DNA from the feces samples of autistic-like rats (n = 6) and healthy rats (n = 6) collected on the 21st and 56th days after birth was obtained using a FastDNA® Spin Kit for Stool (MP Biomedicals, Santa Ana, CA, USA), following the manufacturer’s instructions. The V3-V4 region of the 16S rRNA was amplified with universal primers (341F and 806R), and products were purified with aTIANgel Mini Purification Kit (TIANGEN, Beijing, China) and quantified using a Qubit dsDNA HS Assay Kit (Life Technologies Corporation, Carlsbad, CA, USA). Pair-end reads with an overlap of >10 bp and without mismatches were assembled. The operational taxonomic unit (OTU) was established de novo using uclust with 97%. The first sequence in each OTU cluster was chosen as the representative sequence and then aligned to the SLIVA core set in QIIME using the PyNAST aligner (Mao et al., 2018).

Short-chain fatty acid analysis

Feces (50–100 mg) was freeze-dried and soaked in 500 µL of saturated sodium chloride solution for 30 min. After homogenization, 40 µL of 10% sulfate was added. After homogenization, 1 ml of ethyl ether homogenate was added, and the mixture was centrifuged at 12,000 g for 15 min at 4 °C. Then the 500 µL supernatant was filtered through a 0.22 µm filter membrane and transferred to a gas bottle for GC-MS analysis (Wang et al., 2017). Concentrations were calculated using reference acid (acetic acid, propionic acid, butyric acid, and valeric acid purchased from Sinopharm Chemical Reagent Co., Ltd.; isobutyric acid and isovaleric acid purchased from Sigma).
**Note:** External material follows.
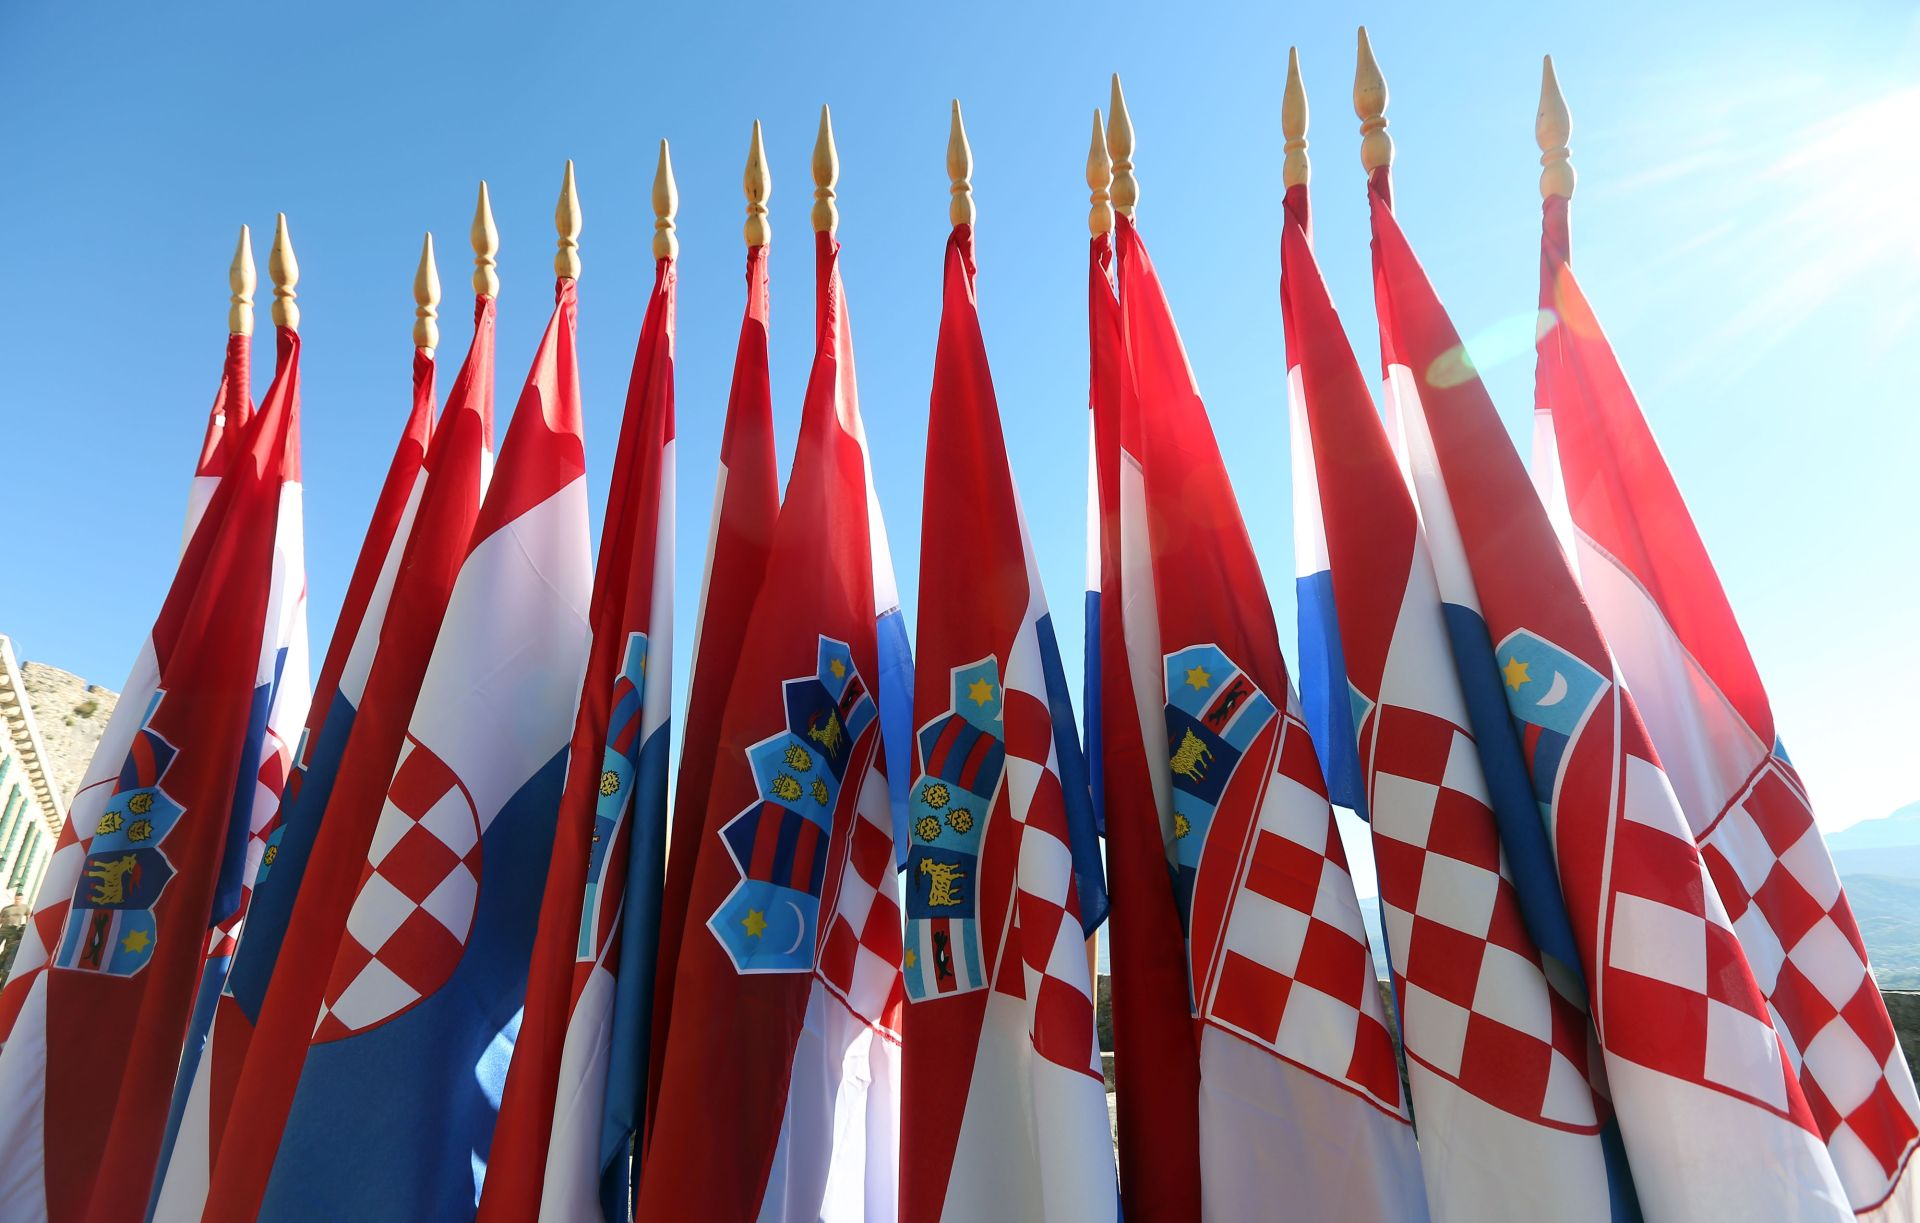 OBLJETNICA OLUJE Podignuta državna zastava na Kninskoj tvrđavi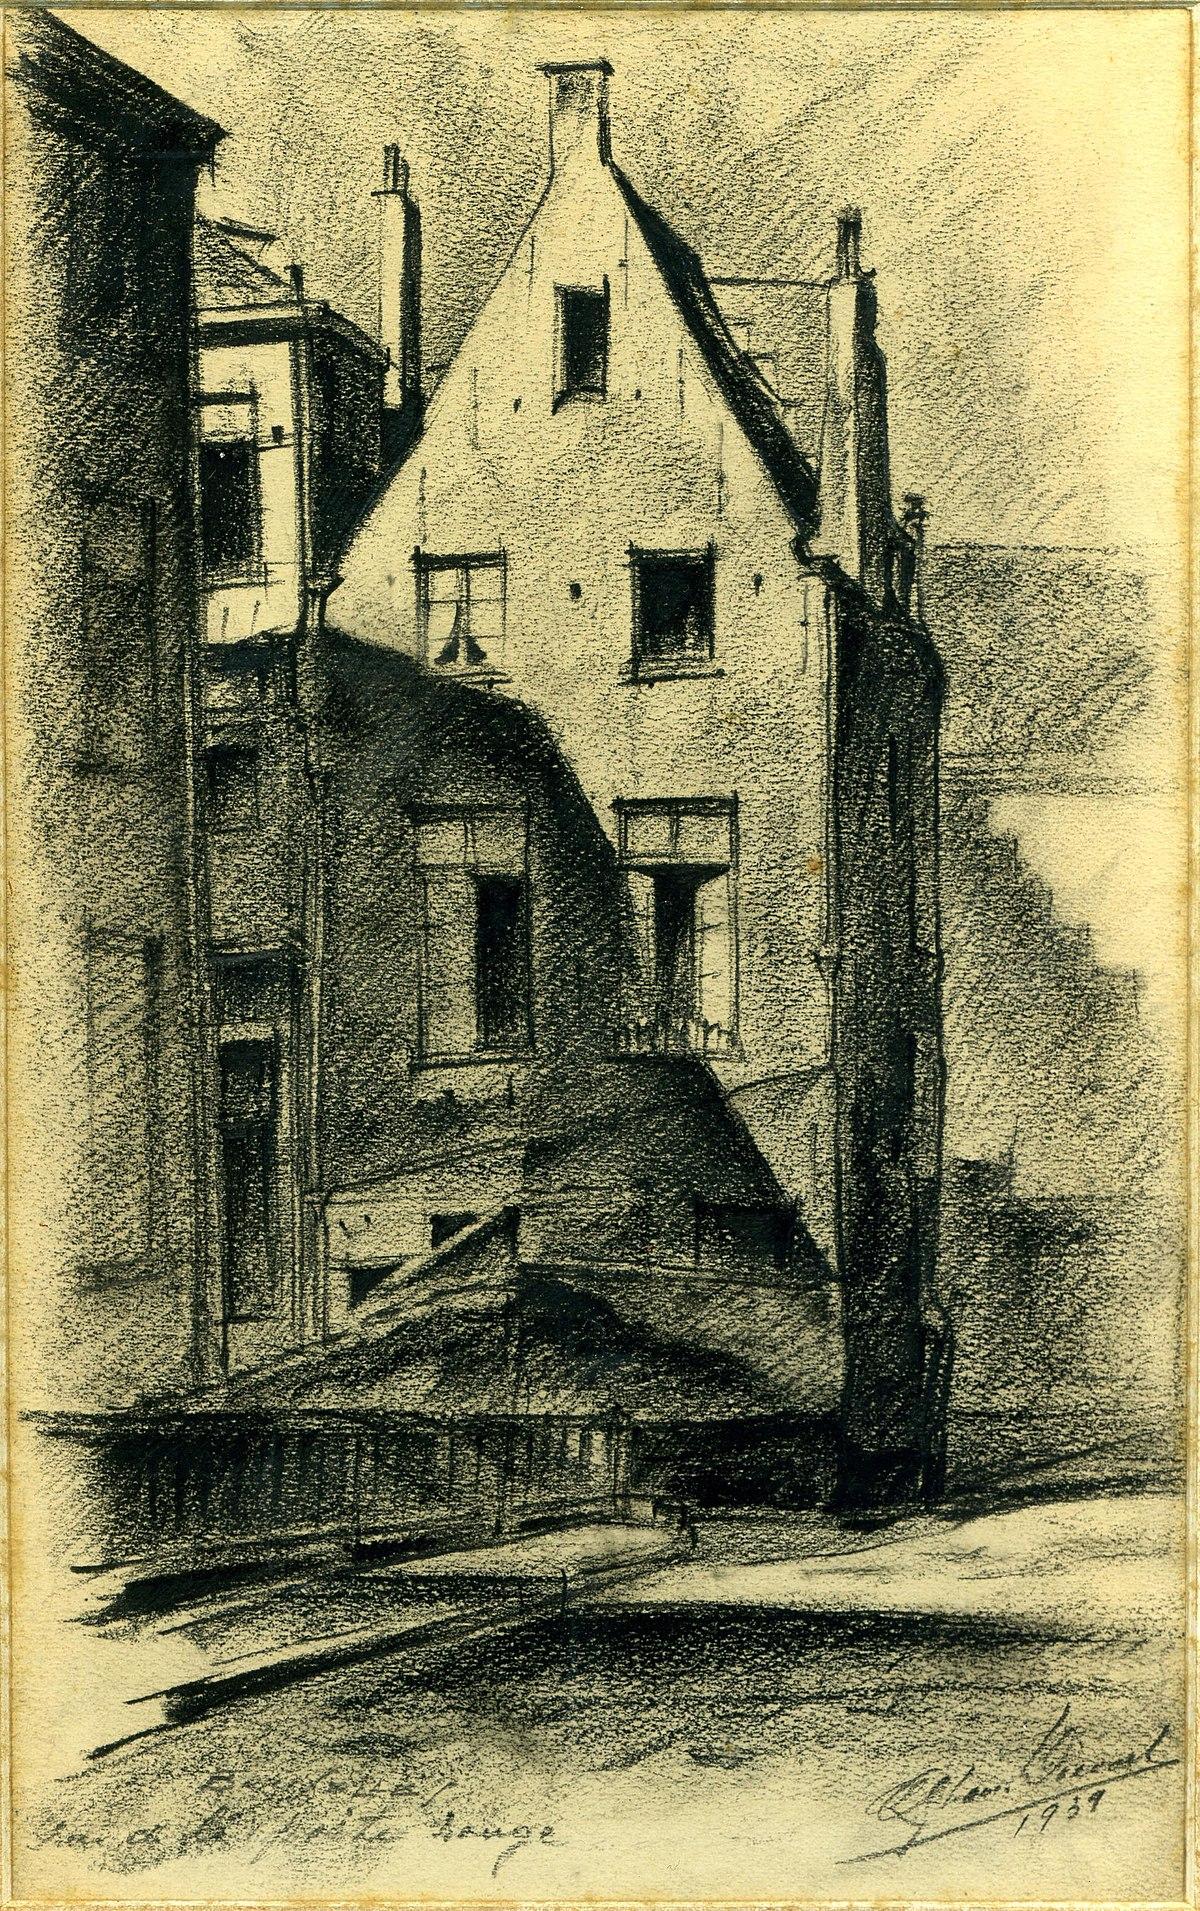 Dessin Porte Maison : Rue haute — wikipédia

Statistical and analytical methods

Statistical analyses were performed using SPSS 20.0 and GraphPad Prism 7. The data were assessed for normal distribution presented as mean ± standard deviation (SD) and plotted as means with 95% confidence intervals. The significant difference was evaluated using one-way analysis of variance (ANOVA) and Fisher’s least significant difference (LSD) tests. Alpha (α) diversity (Chao1, ACE, Shannon, Simpson, and Fisher indexes) and beta (β) diversity were assessed by principal coordinate analysis (PCoA) performed using R software. Linear discriminant analysis Effect Size (LEfSe) was performed online (http://huttenhower.sph.harvard.edu/galaxy). Linear discriminant analysis (LDA) Effect Size was used to differentiate between biomarkers (Wilcoxon rank-sum test, α <0.01, log LDA >2) (Segata et al., 2011; Zhai et al., 2019). Differential pathways based on the Kyoto Encyclopedia of Genes and Genomes (KEGG) orthology were identified using Phylogenetic Investigation of Communities by Reconstruction of Unobserved States (PICRUST) and presented using STAMP (Langille et al., 2013). The correlation analyses using Pearson correlation for pairwise complete data were performed in SPSS 20.0, and the heatmap figures were presented by R 3.6.1.

Results

VPA-treated rats presented early (4 weeks of age or before) developmental abnormalities

The number of offspring in VPA-treated group was significantly lower than that of healthy group (Fig. 1A). VPA-treated rats presented deformed tails, which indicating that VPA exposure occurred in utero (Fig. 1B). Direction tendency (Fig. 1C) and swimming coordination (Fig. 1D) were also assessed to evaluate development. Also, a slower increase of weight showed in VPA-treated group (Fig. 1E). Direction tendency and swimming scores showed that autistic rats had weak early direction ability, poor swimming coordination, and obvious abnormal development.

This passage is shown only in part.